What is needed: The pictures must be left out, while the rest of the data is copied exactly.

Data section start

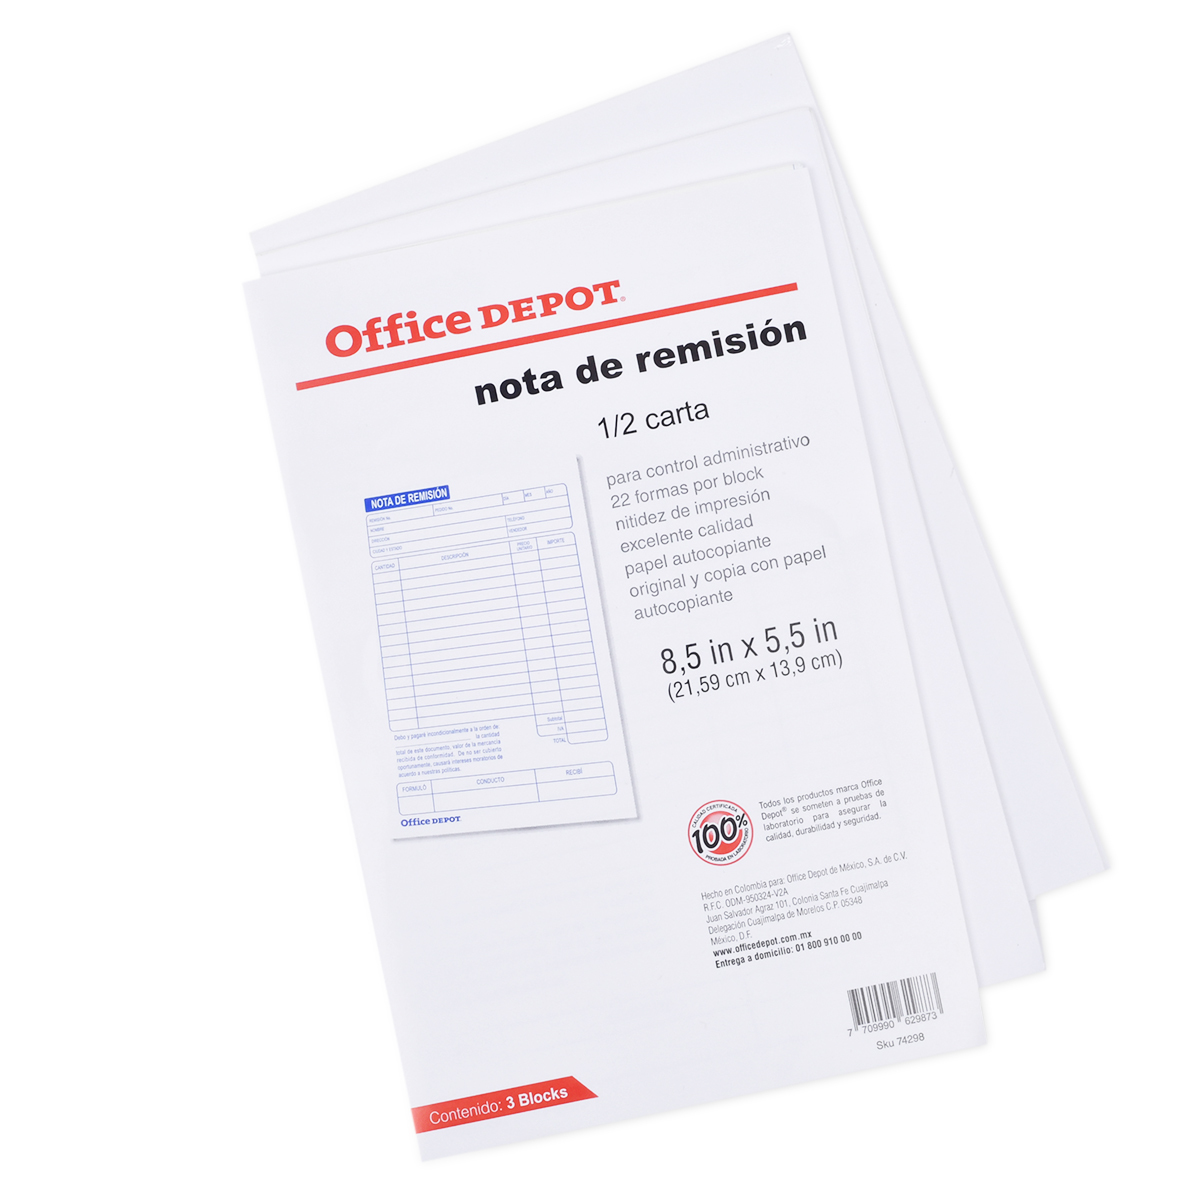 NOTA DE REMISION OFFICE DEPOT (1/2 CARTA, 3 PZS.)
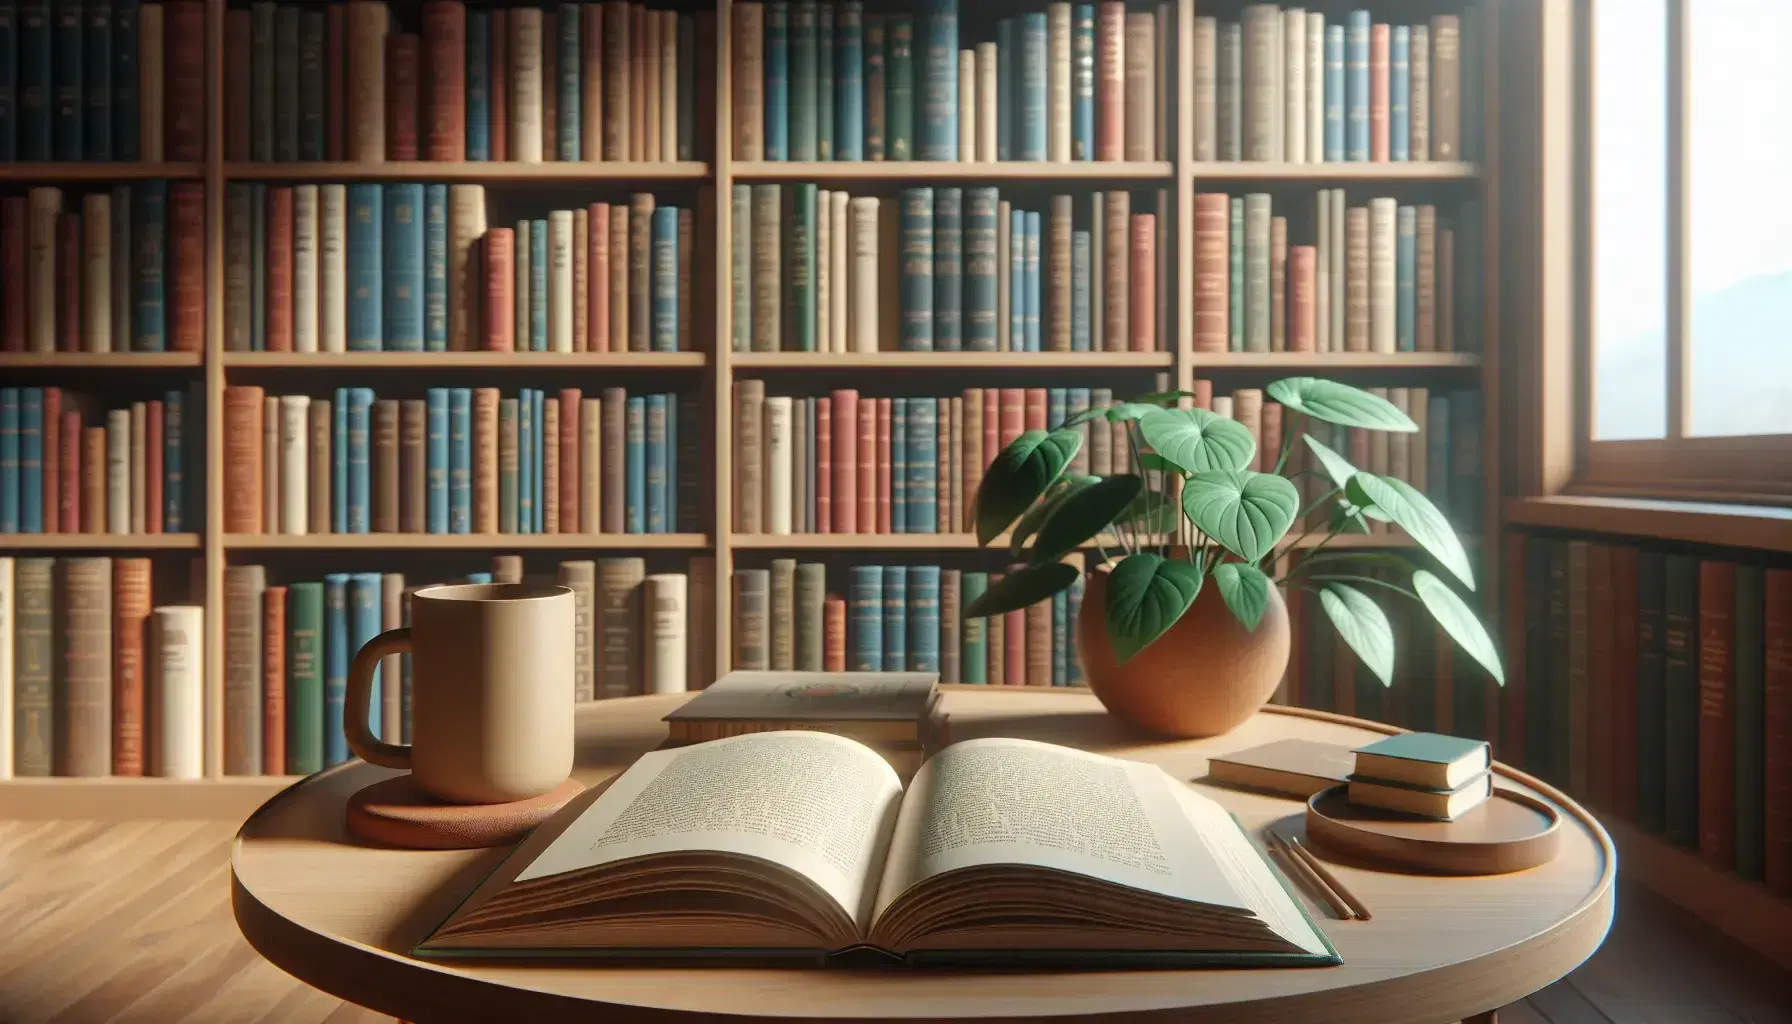 Mesa de madera con libro abierto sin texto visible, taza de café y planta, estantes con libros desenfocados al fondo en ambiente de biblioteca tranquilo.
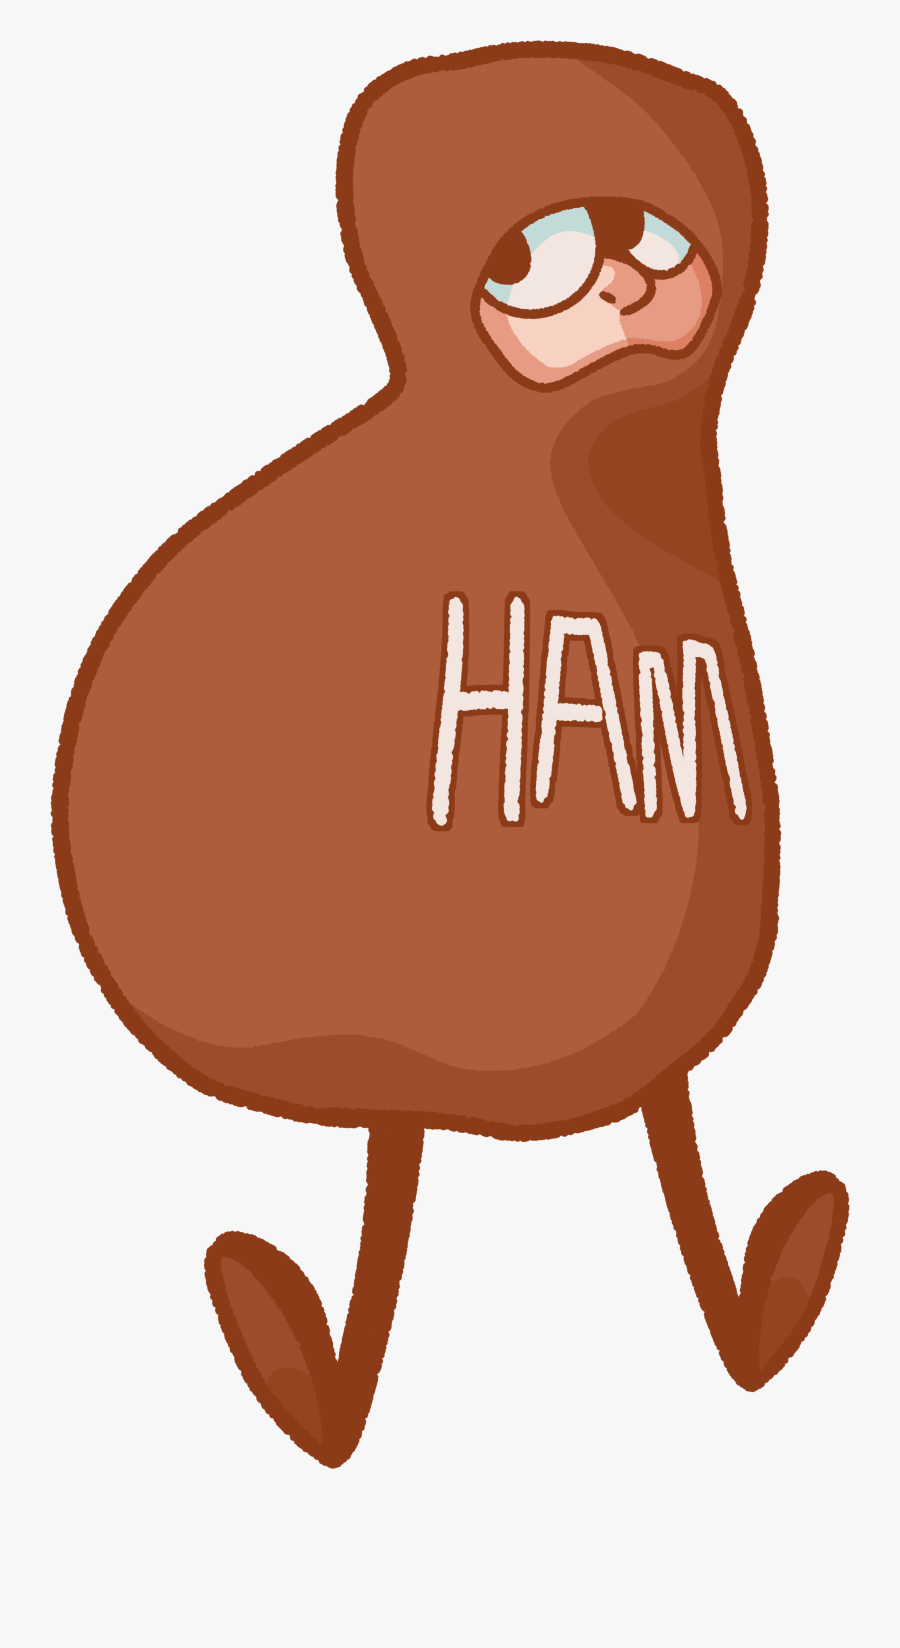 What A Ham - Illustration, Transparent Clipart
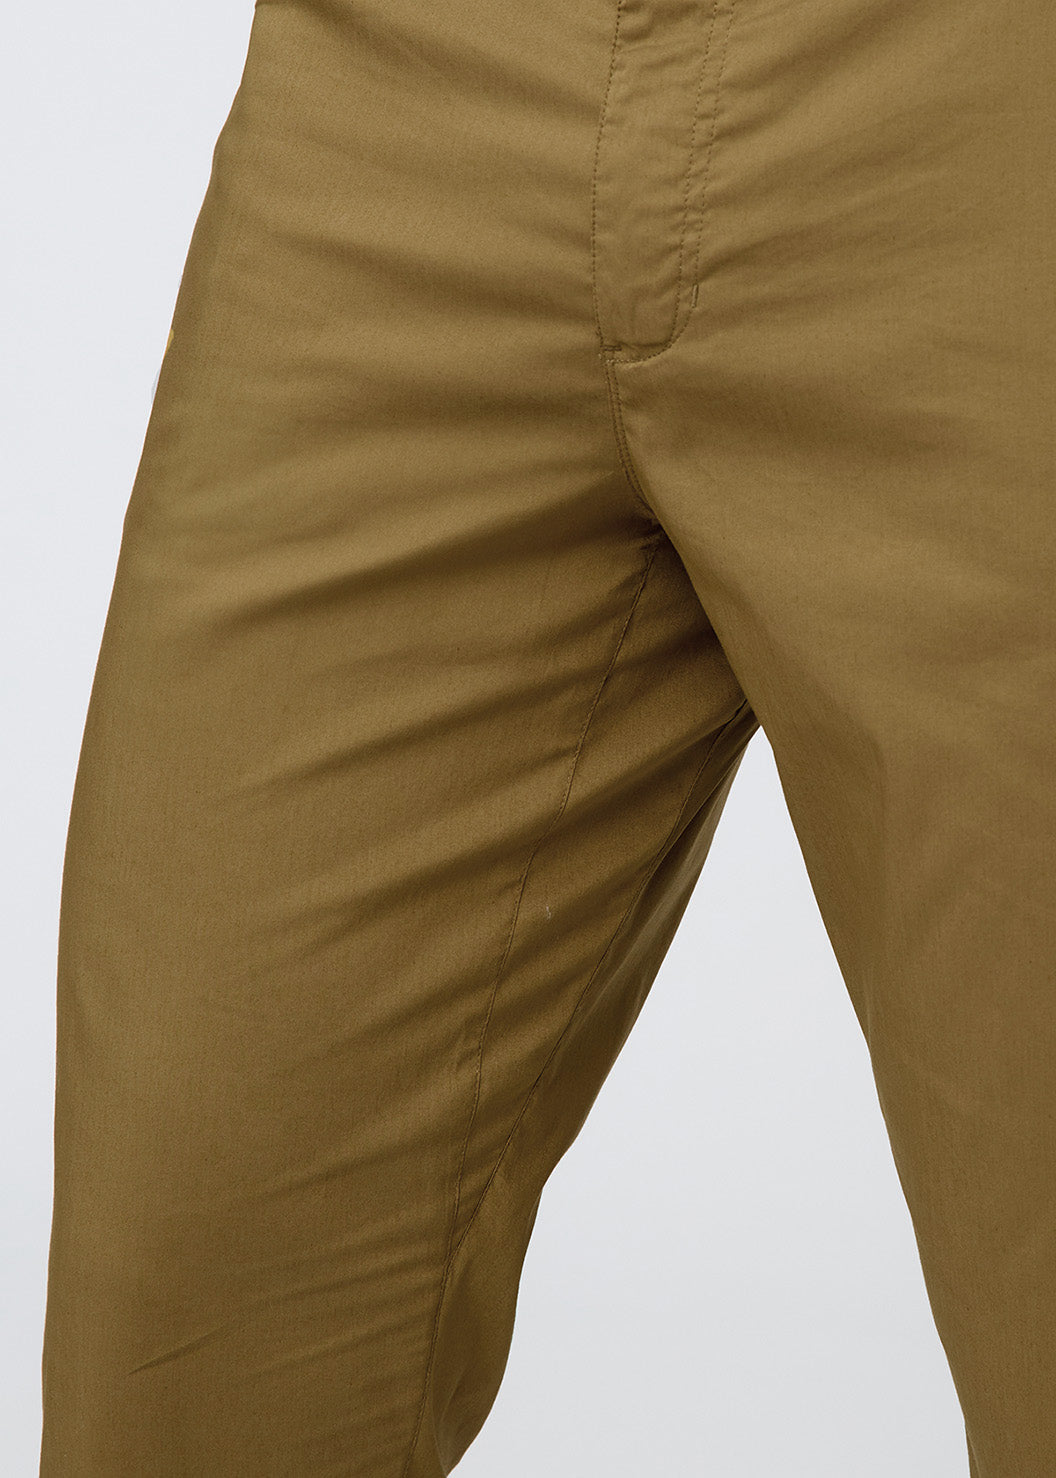 mens brown lightweight summer travel pants gusset

Data section end

Final answer:
 NOTA DE REMISION OFFICE DEPOT (1/2 CARTA, 3 PZS.)
 Mesa de madera con libro abierto sin texto visible, taza de café y planta, estantes con libros desenfocados al fondo en ambiente de biblioteca tranquilo.
 What A Ham - Illustration, Transparent Clipart
 mens brown lightweight summer travel pants gusset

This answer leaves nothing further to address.